In [None]:
! pip install -U accelerate
! pip install transformers[torch]

In [2]:
import accelerate
accelerate.__version__

'0.25.0'

In [3]:
from transformers import AutoTokenizer, AutoModel

## Data

In [None]:
!cp -r drive/MyDrive/shared_content/ILDC_Data/ILDC_multi ./

In [None]:
import numpy as np
import pandas as pd
import torch

In [None]:
# with pd.read_csv(filename, chunksize=chunksize) as reader:
#     for chunk in reader:
#         process(chunk)

In [None]:
chunksize = 10**6

In [None]:
data = pd.read_csv('./ILDC_multi/ILDC_multi.csv')

In [None]:
data.info()

In [None]:
print(data['text'][0])

 Uday Umesh Lalit, J. These appeals arise out of the Judgment and Order dated 09.12.2015 passed by the Division Bench of the High Court 1 dismissing S.T. No.192 of 2014 and other companynected matters and thereby affirming the decision of the Single Judge of the High Court passed on 12.03.2014 in Writ Petition No.20650  W  of 2013 which in turn had found Sections 8, 10, 11 and 12 of the West Bengal Madrasah Service Commission Act, 2008  the Commission Act, for short  to be ultra vires. 1 The High Court of Judicature at Calcutta Civil Appeal No.5808 of 2017 SK. MD. Rafique vs.
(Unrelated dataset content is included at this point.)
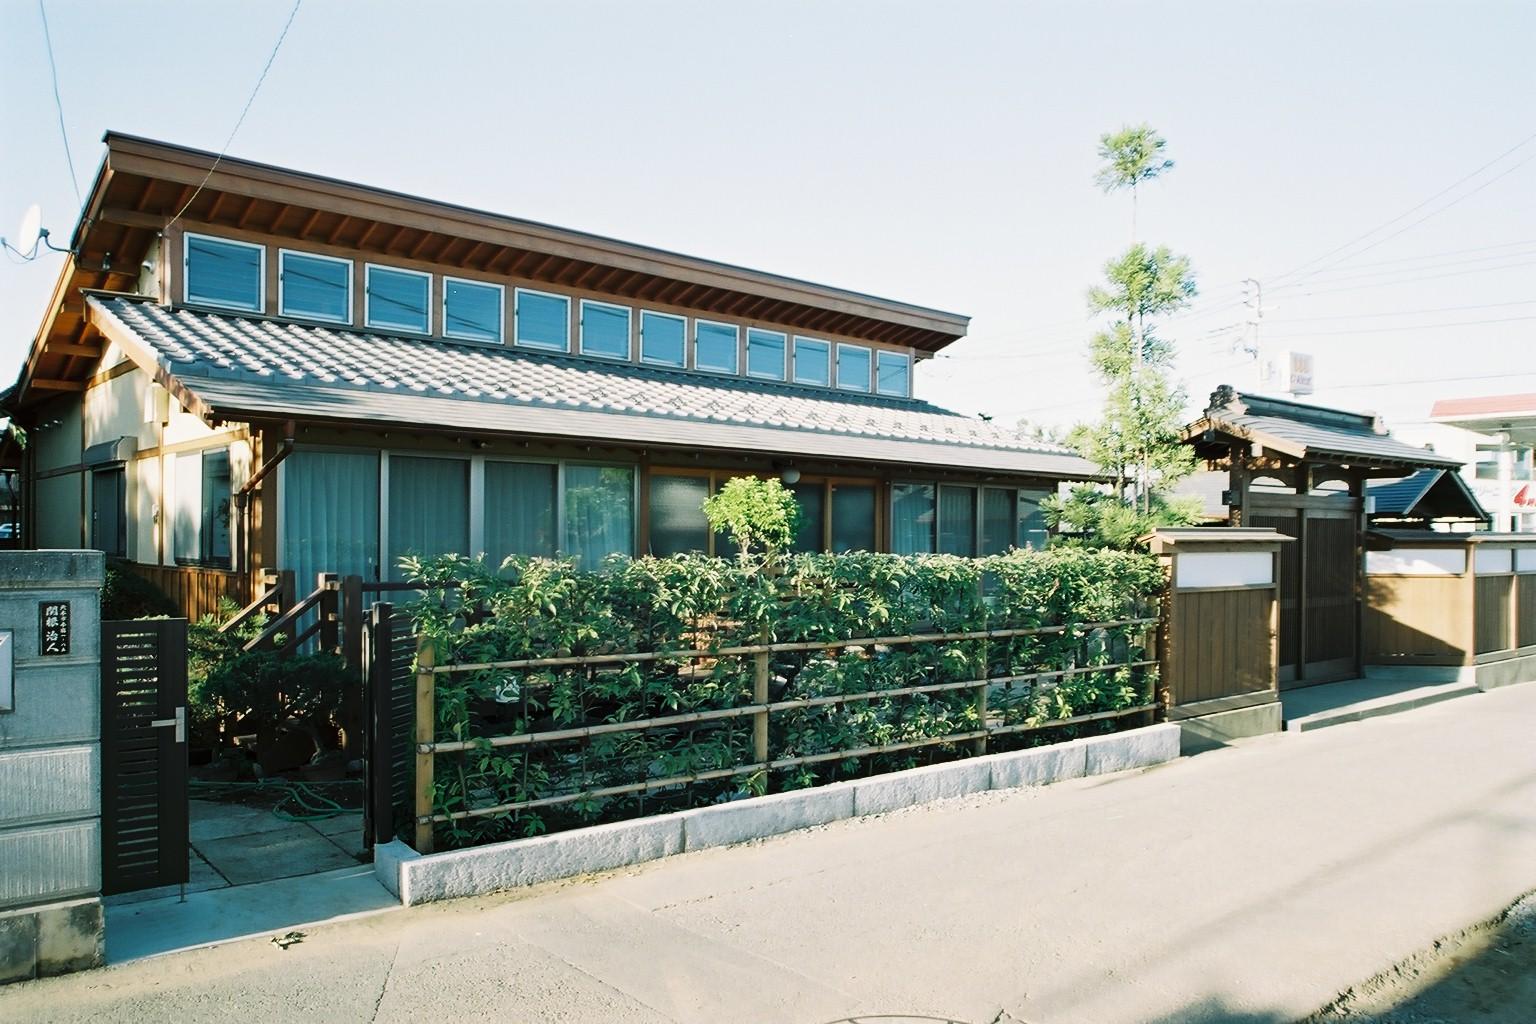 招き屋根の住宅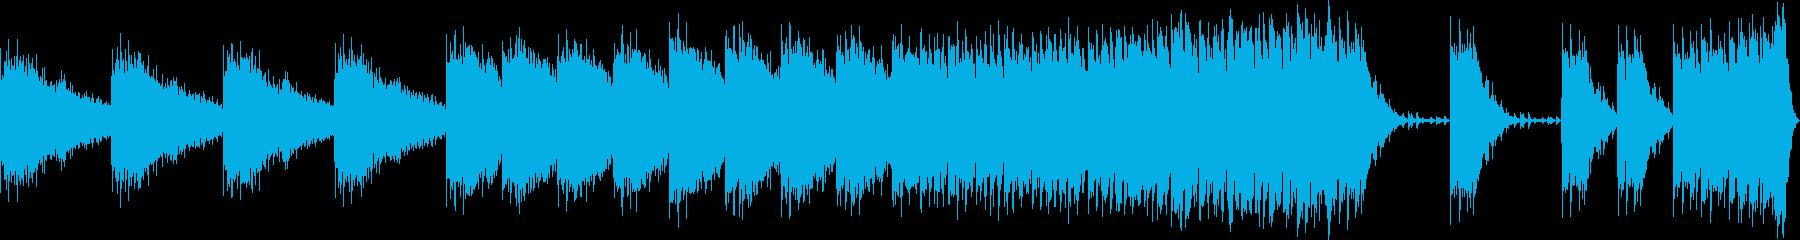 始まりを予兆するかのようなBGMの再生済みの波形

Managing Committee, companytai Rahamania High Madrasah and Others The aforementioned Writ Petition No.20650 W  of 2013 was filed by the Managing Committee of Contai Rahmania High Madrasah challenging validity of Sections 8, 10, 11 and 12 of the Commission Act submitting, inter alia, that by virtue of the provisions of the Commission Act, the process of appointment of teachers in an aided Madrasah, which was recogn

In [None]:
## Write Data to file

In [None]:
datatxtfull = "\n".join(data['text'].tolist())
datatxtsample = "\n".join(data['text'][:2000].tolist())

In [None]:
len(datatxtfull), len(datatxtsample)

(666469234, 51595056)

In [None]:
!rm -f text_data_full.txt
with open('text_data_full.txt', 'a') as f:
  f.write(datatxtfull)

In [None]:
!rm -f text_data_sample.txt
with open('text_data_sample.txt', 'a') as f:
  f.write(datatxtsample)

In [None]:
with open('text_data_full.txt', 'r') as f:
  print(len(f.read()))
with open('text_data_sample.txt', 'r') as f:
  print(len(f.read()))

666469234
51595056


In [None]:
## Copy saved Data file to drive:

!cp text_data_full.txt drive/MyDrive/
!cp text_data_sample.txt drive/MyDrive/

In [None]:
## Copy saved Data file from drive:

!cp drive/MyDrive/text_data_sample.txt ./
!cp drive/MyDrive/text_data_full.txt ./

## Model

In [None]:
import torch
import torch.nn as nn

In [None]:
!rm -rf full_text
!rm -rf sample_text_model_ipc

In [None]:
## Get pretrained from drive
!cp -r drive/MyDrive/full_text ./

### GPT2 pretrained

In [None]:
from transformers import TextDataset, DataCollatorForLanguageModeling
from transformers import GPT2Tokenizer, GPT2LMHeadModel
from transformers import Trainer, TrainingArguments

In [None]:
def load_dataset(file_path, tokenizer, block_size = 128):
    dataset = TextDataset(
        tokenizer = tokenizer,
        file_path = file_path,
        block_size = block_size,
    )
    return dataset

In [None]:
def load_data_collator(tokenizer, mlm = False):
    data_collator = DataCollatorForLanguageModeling(
        tokenizer=tokenizer,
        mlm=mlm,
    )
    return data_collator

In [None]:
def train(train_file_path,model_name,
          output_dir,
          overwrite_output_dir,
          per_device_train_batch_size,
          num_train_epochs,
          save_steps):
  tokenizer = GPT2Tokenizer.from_pretrained(model_name)
  train_dataset = load_dataset(train_file_path, tokenizer)
  data_collator = load_data_collator(tokenizer)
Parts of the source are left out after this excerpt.